=== Begin Enclosure ===

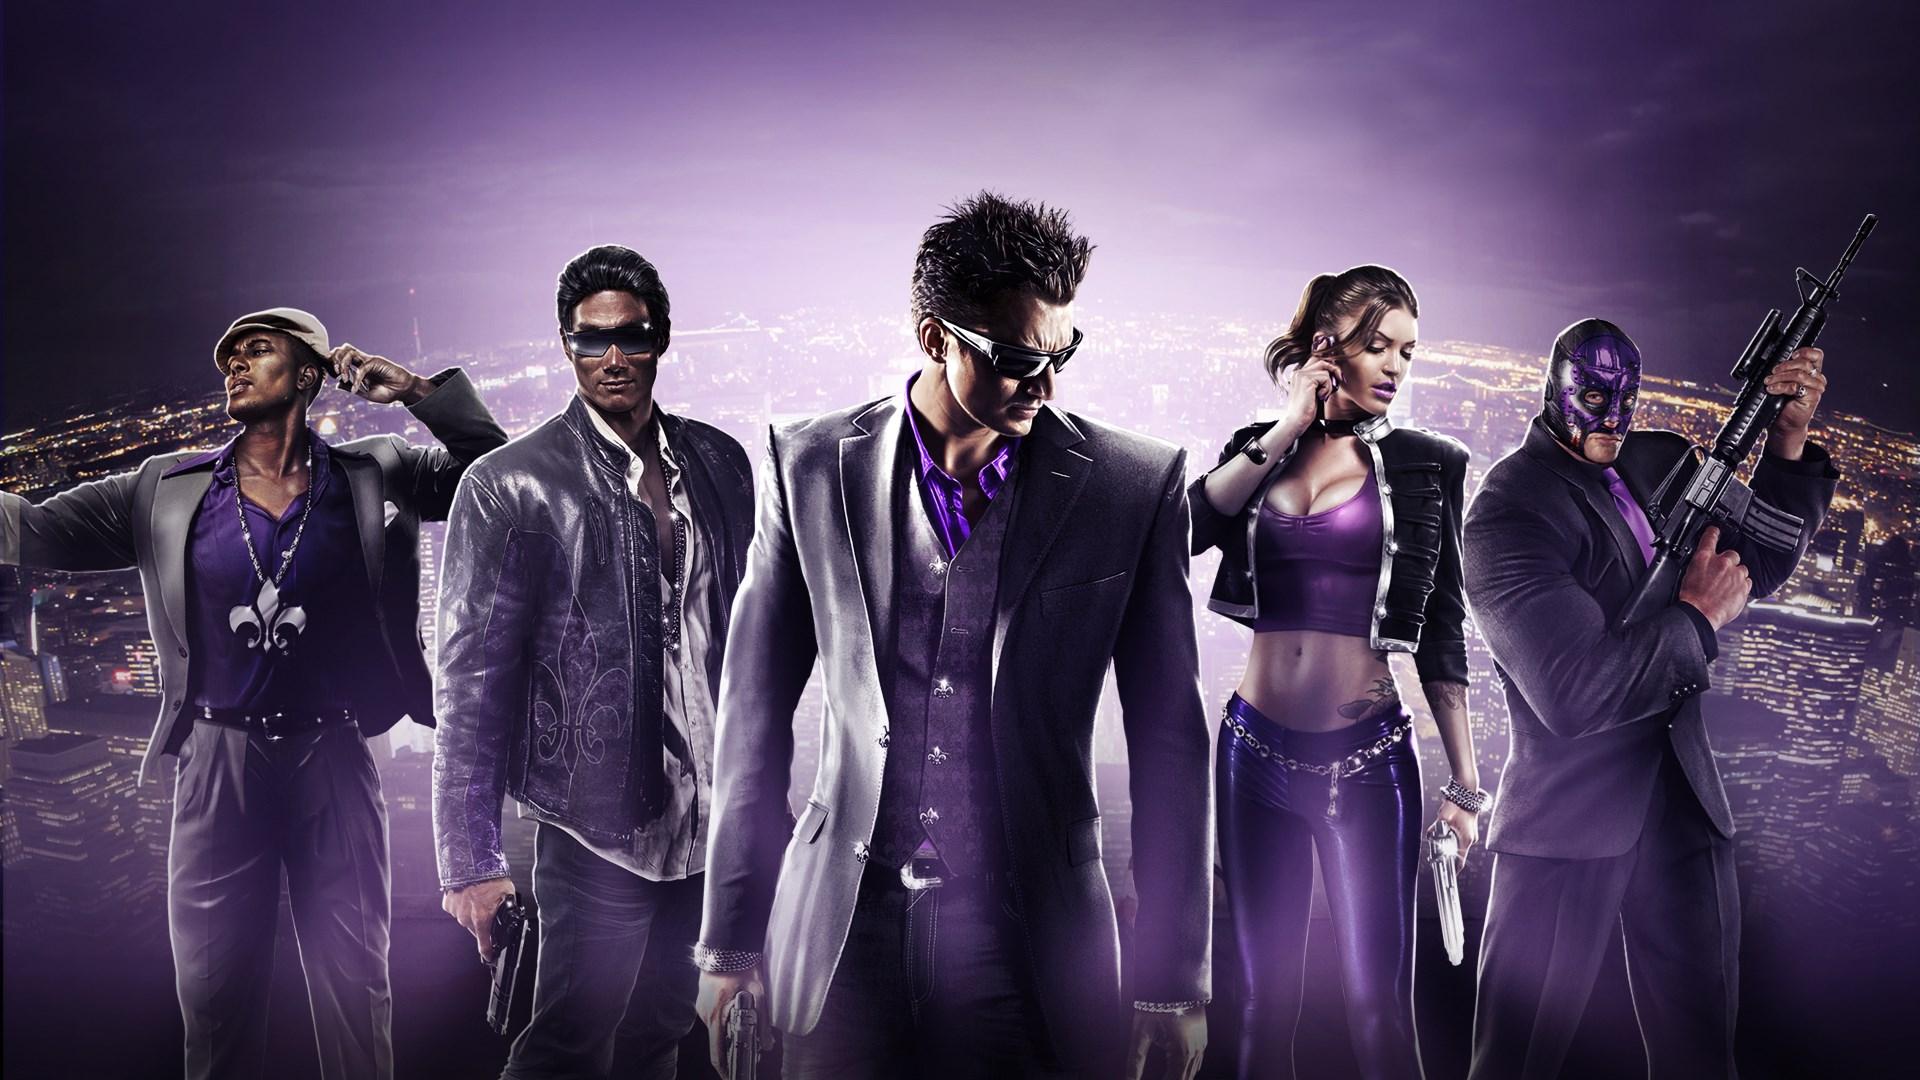 Saints Row: The Third Remastered gratis en Epic Games Store hasta septiembre 2 juegos gratis automachef
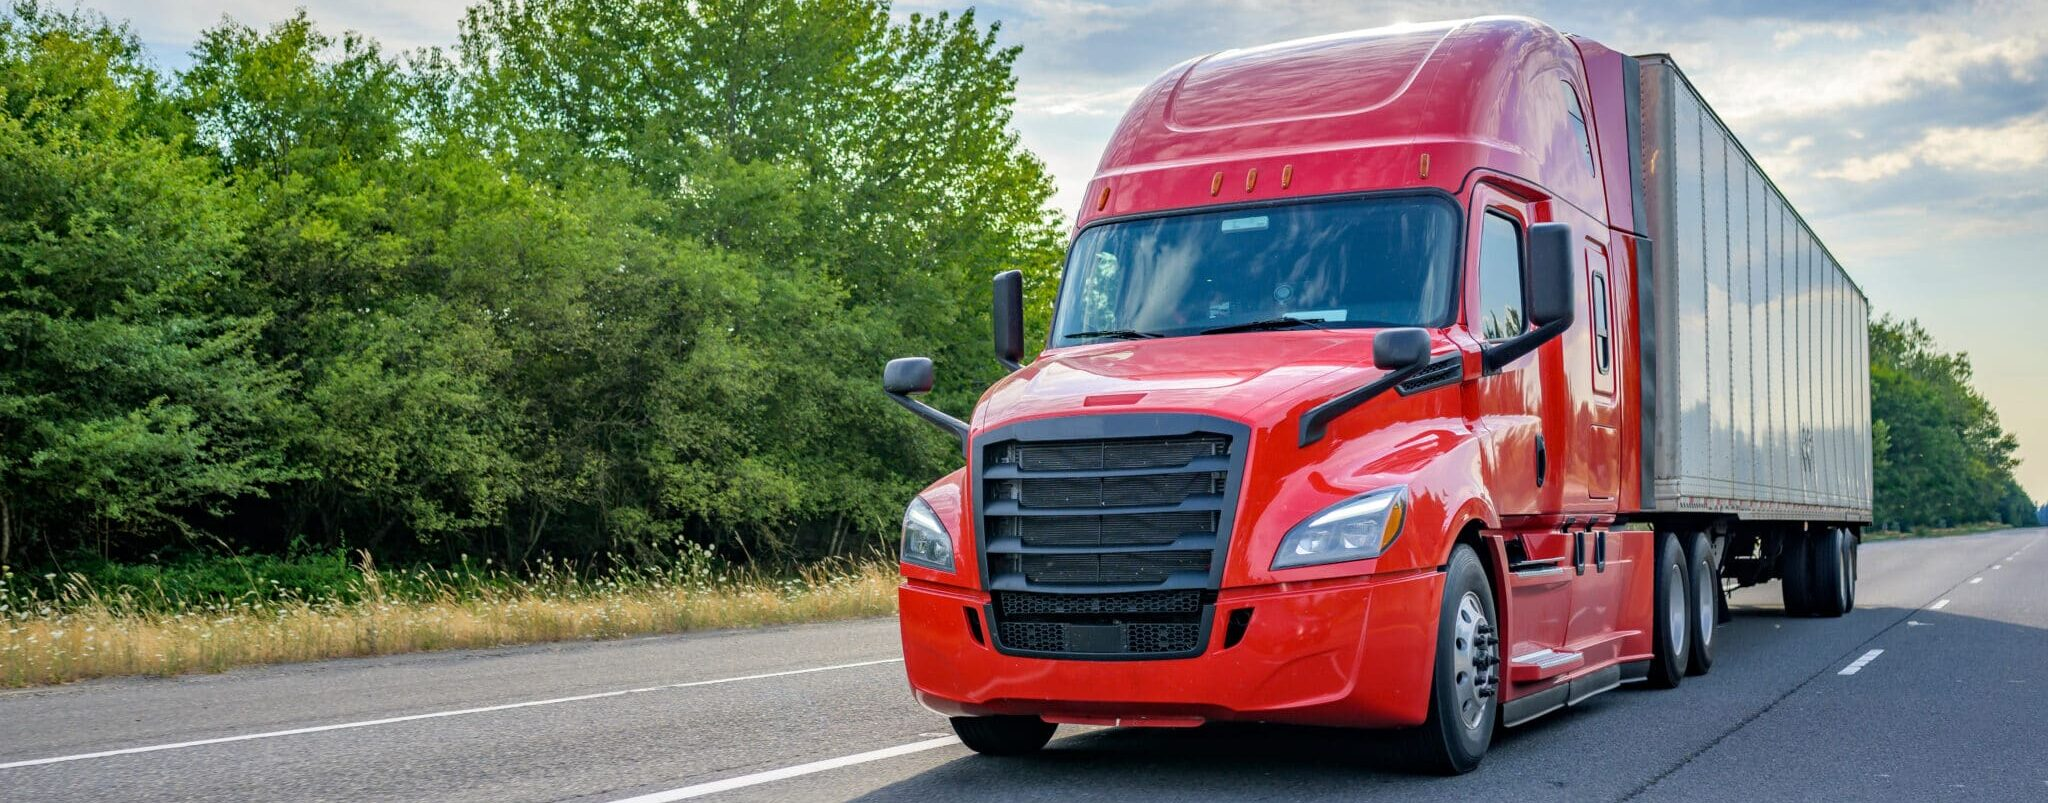 Q3 2021 freight market
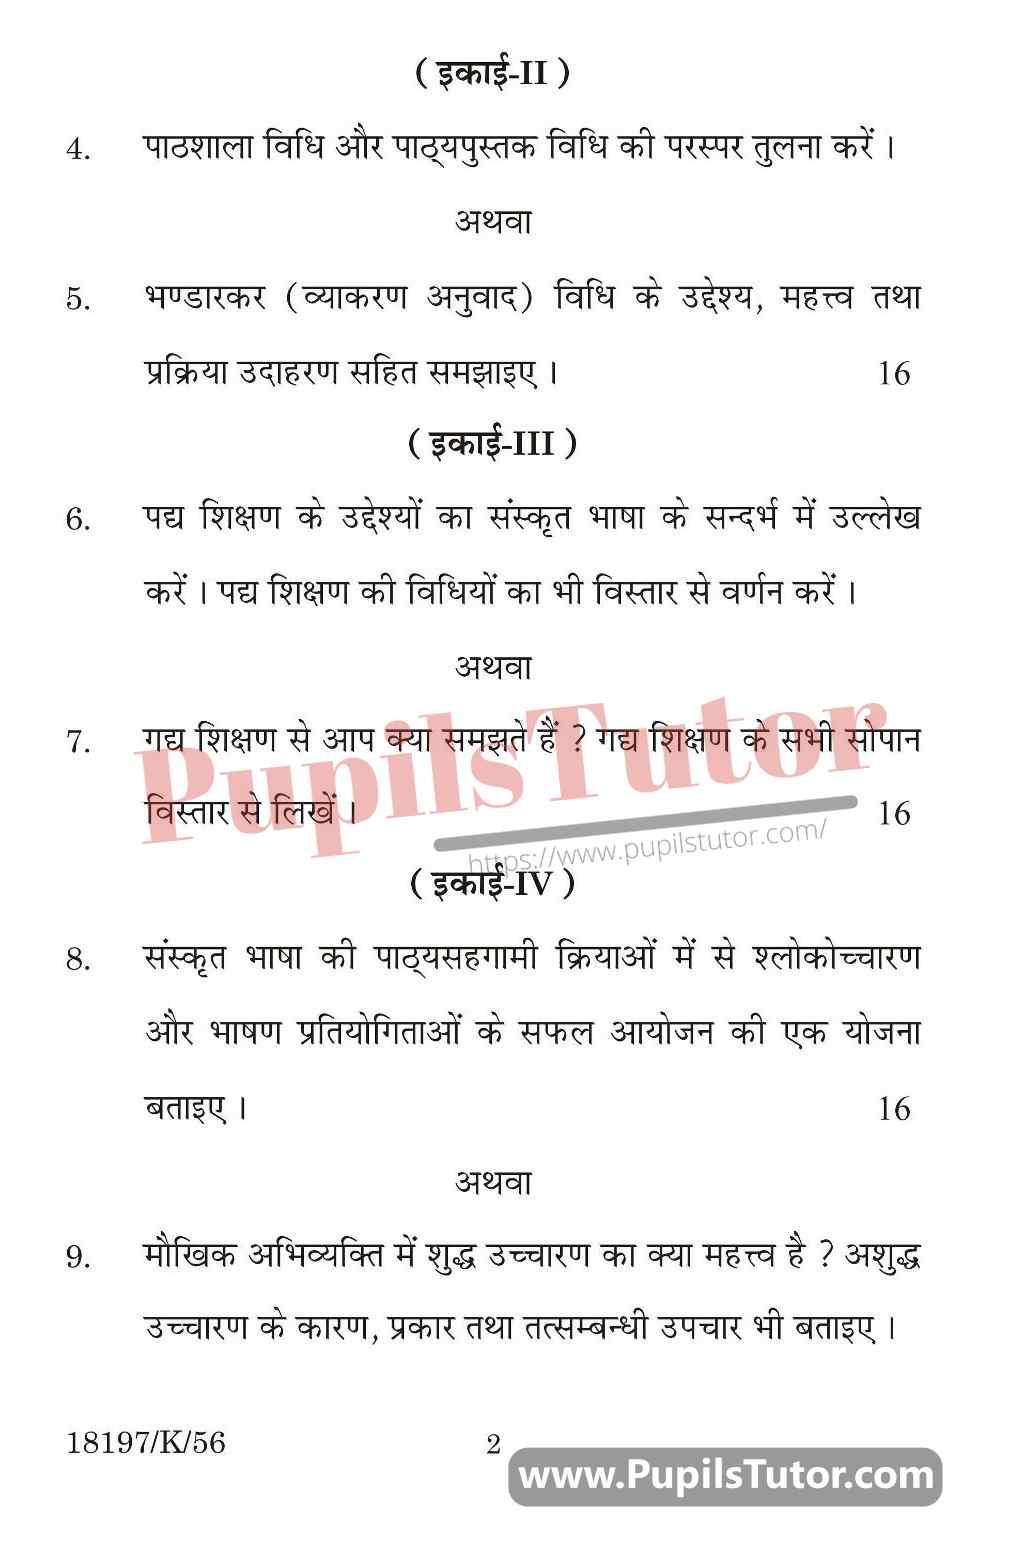 KUK (Kurukshetra University, Haryana) Pedagogy Of Sanskrit Shikshan Question Paper 2020 For B.Ed 1st And 2nd Year And All The 4 Semesters Free Download PDF - Page 2 - www.pupilstutor.com
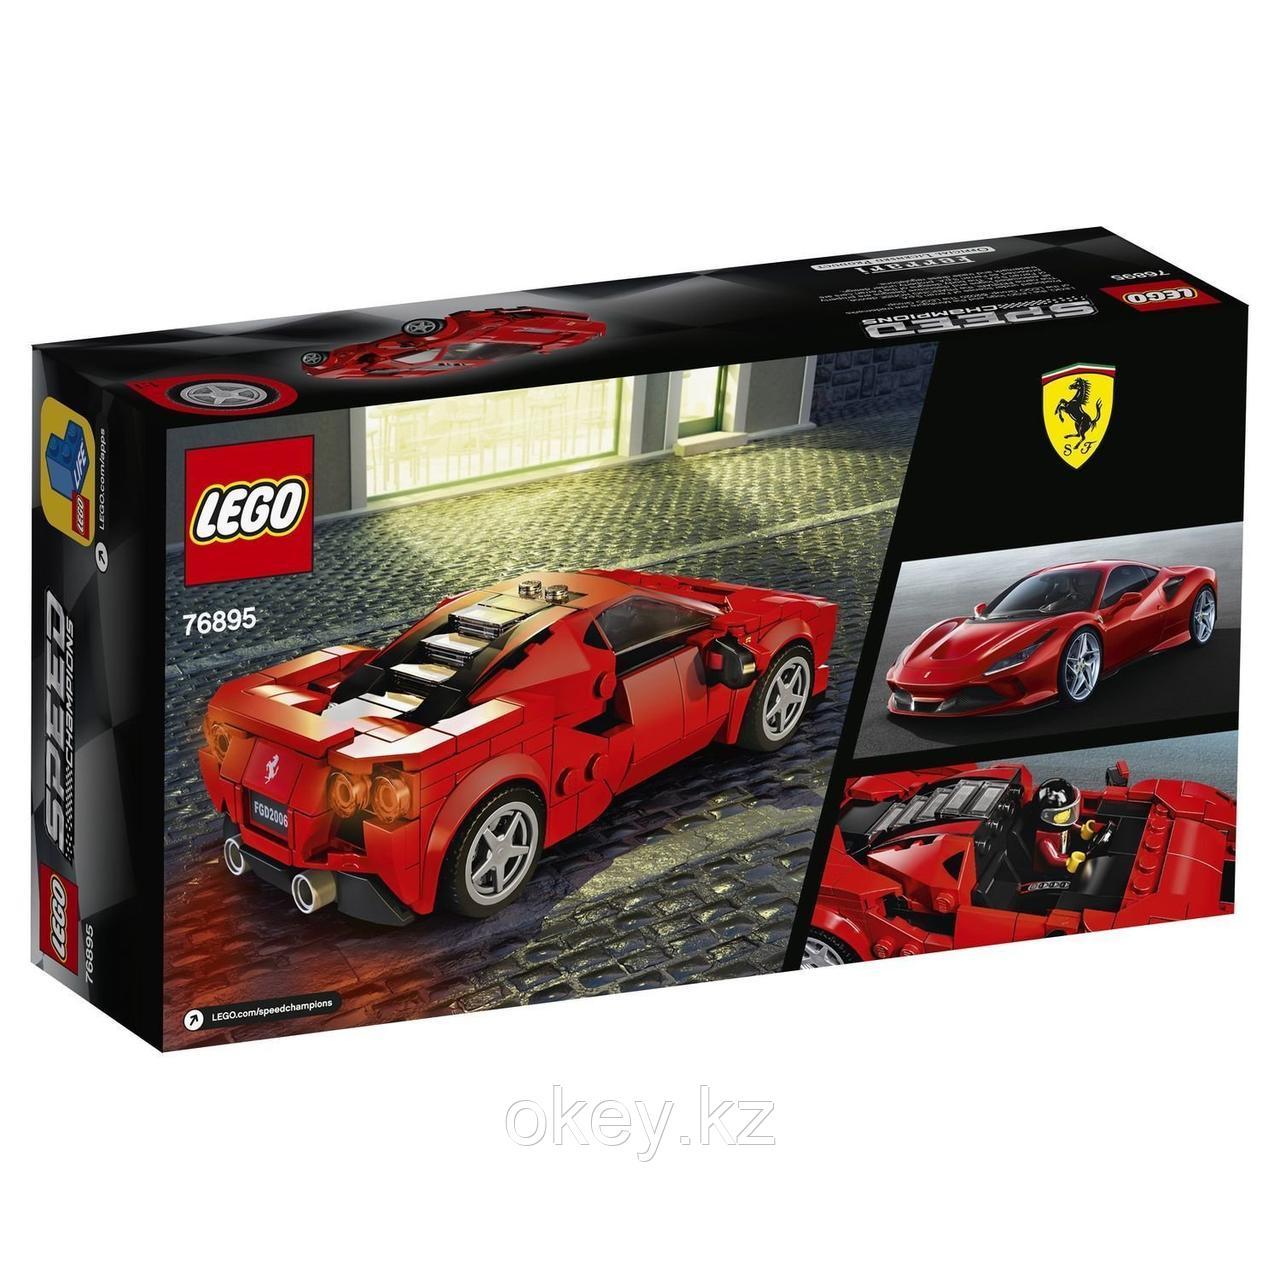 LEGO Speed Champions: Ferrari F8 Tributo 76895 - фото 2

=== End Enclosure ===

* _THE PROBLEM_:
Please copy exactly the lines from the one that contains "KUK (Kurukshetra University, Haryana)" through the last line of the listing above, leaving out the pictures.

* _WORKED SOLUTION_:
 KUK (Kurukshetra University, Haryana) Pedagogy Of Sanskrit Shikshan Question Paper 2020 For B.Ed 1st And 2nd Year And All The 4 Semesters Free Download PDF - Page 2 - www.pupilstutor.com
 LEGO Speed Champions: Ferrari F8 Tributo 76895 - фото 2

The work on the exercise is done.